Raised in La Paz, Bolivia, Dr. Lee brings to her scholarship a deep interest in the lived intersections of faith, justice, and biblical theology. Her current book project, Flesh Made Earth: Political Theology at the Edge of the Anthropocene, develops an incarnational phenomenology of climate politics that reimagines vulnerability, intercorporeality, and hope amid planetary crisis. She is also writing the Interpretation Bible commentary on Esther and a scholarly monograph titled Rehabilitating Nehemiah: An Uncovering of Modern Political Thought (forthcoming with Mohr Siebeck).

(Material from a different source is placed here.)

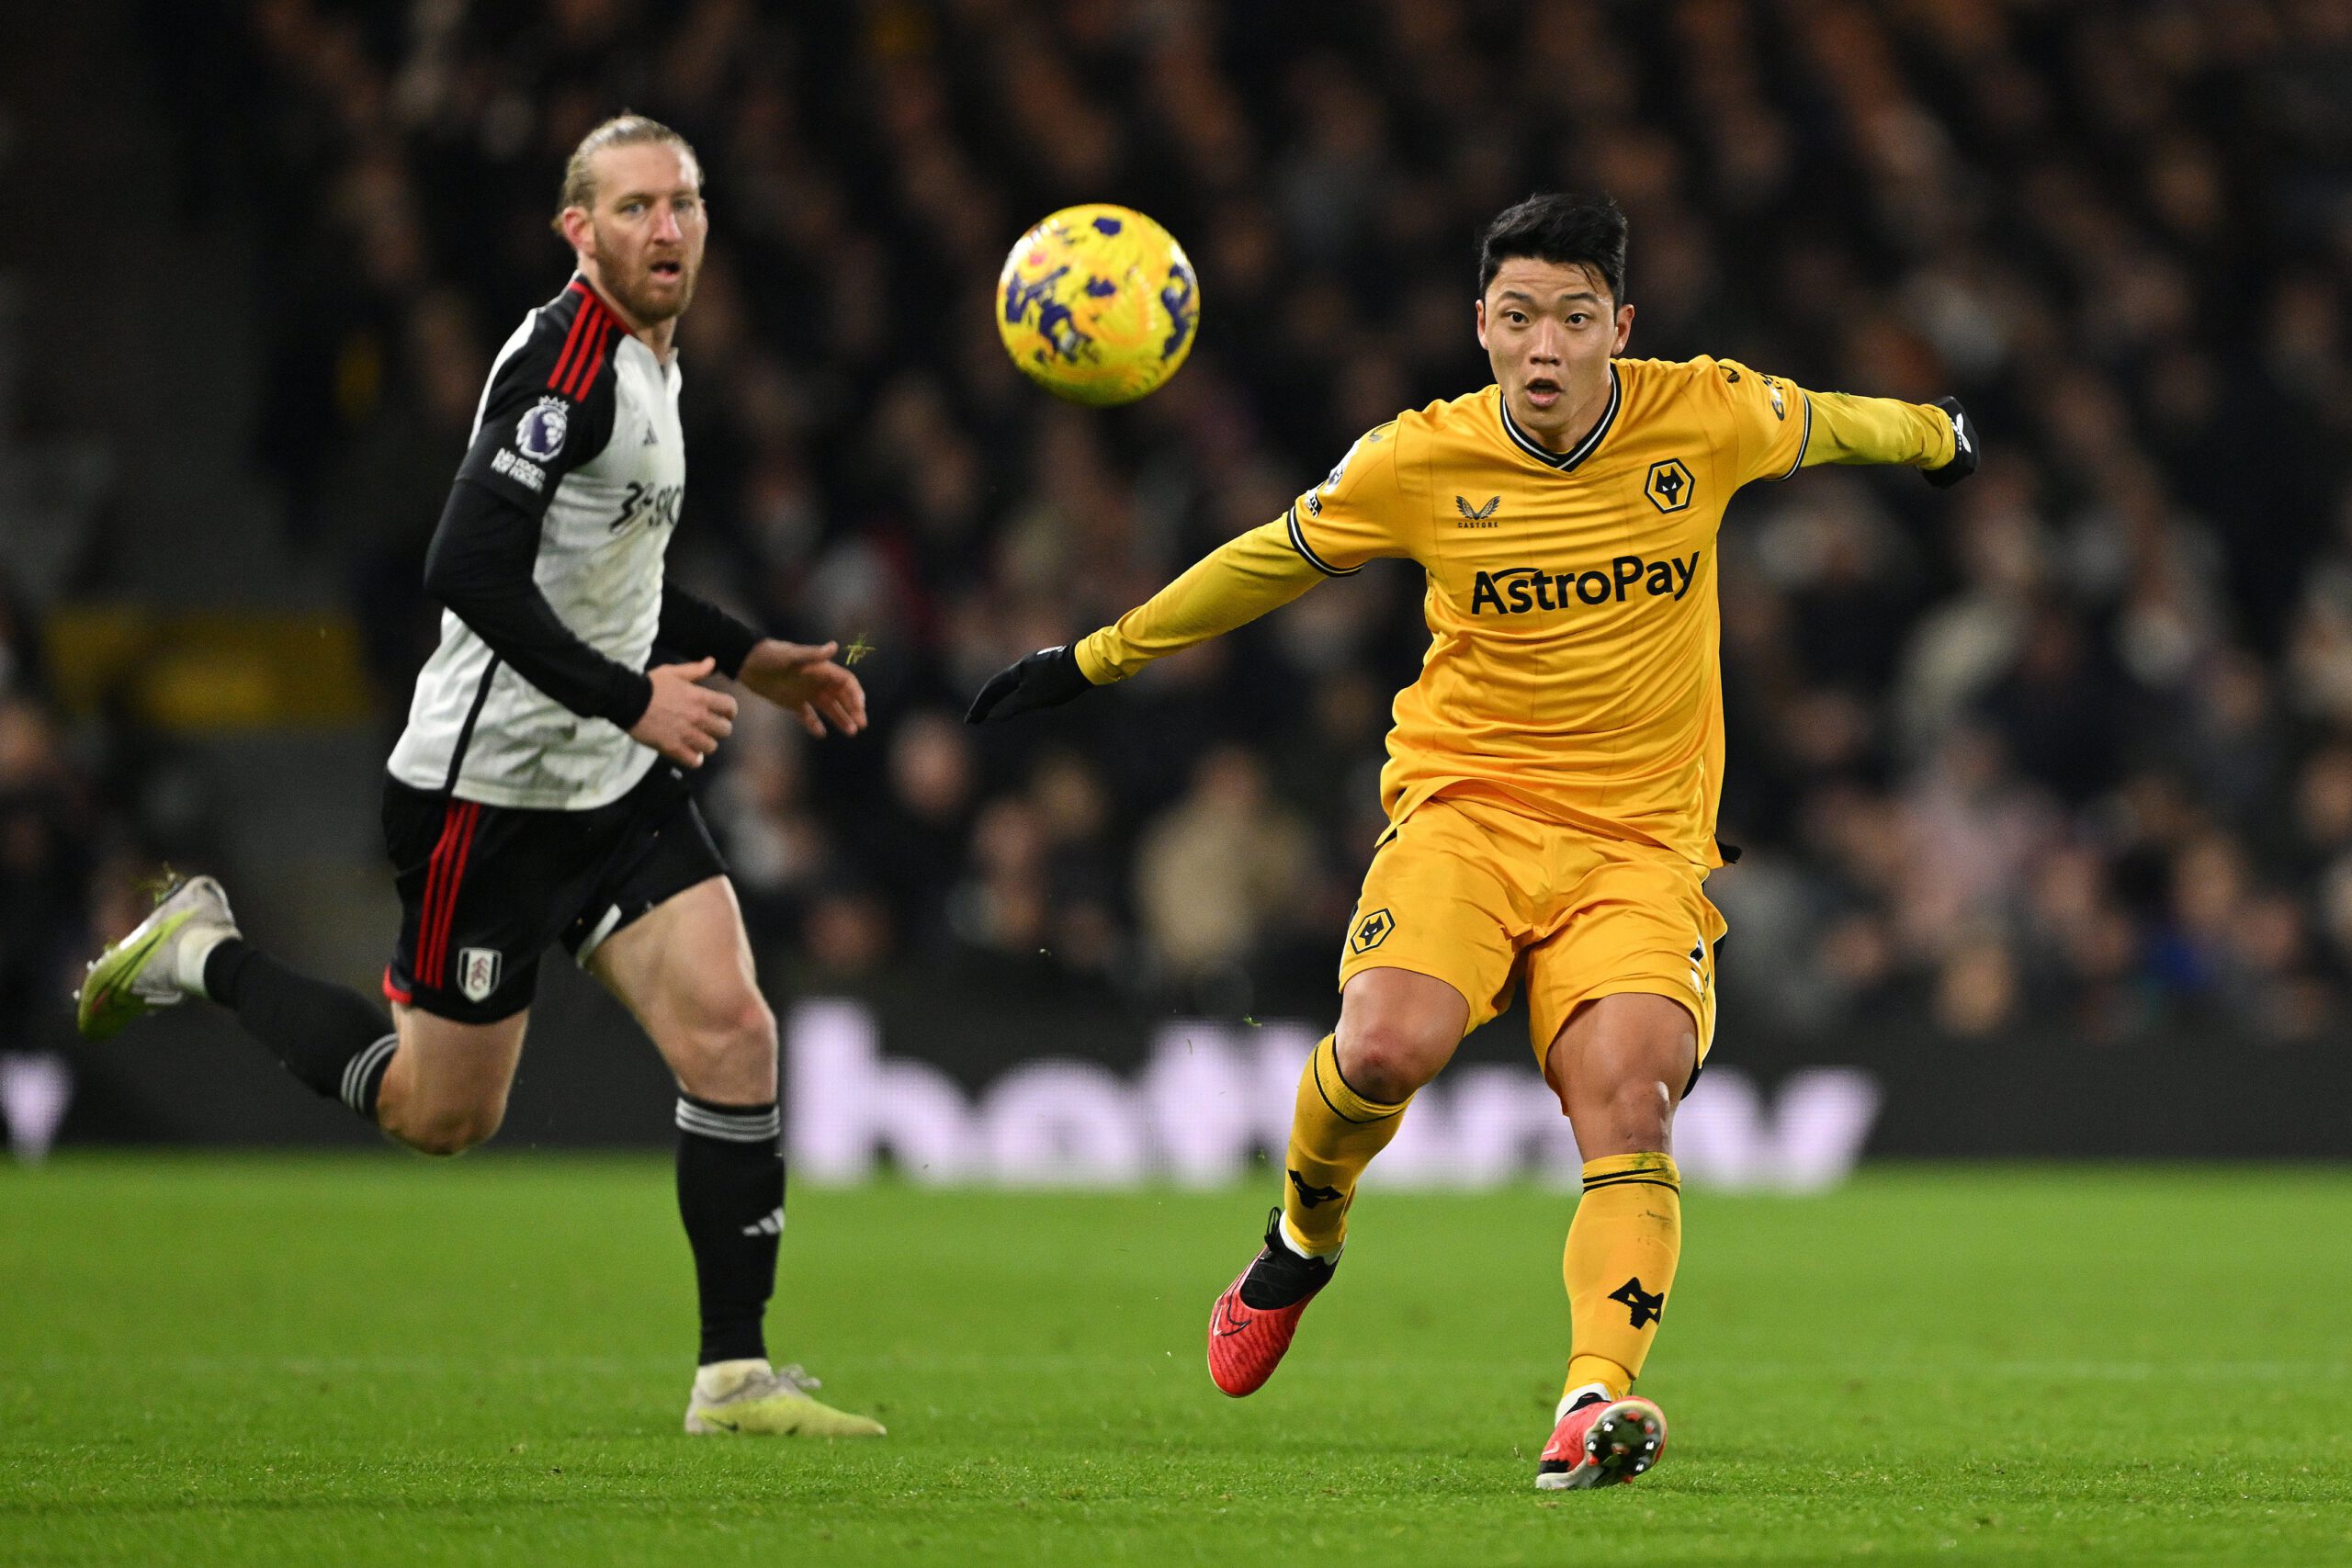 Hwang Hee-Chan of Wolverhampton Wanderers in action during the Premier League

Lee holds a PhD in Old Testament/Hebrew Bible from Yale University and an MLitt and PhD in International Relations from the University of St Andrews, along with an MSc in International Political Theory from the London School of Economics. Her interdisciplinary teaching and writing engage biblical texts alongside thinkers of phenomenology, biopolitics, and postcolonial theory to interrogate the theological and ontological foundations of contemporary political life.
Lee is a member of the American Academy of Religion, the Catholic Biblical Association, the Association for Political Theory, the International Studies Association, and the Political Theology Network.
She welcomes doctoral students interested in political-theological readings of the Old Testament and in the social, political, and theological dynamics of the global ecological crisis.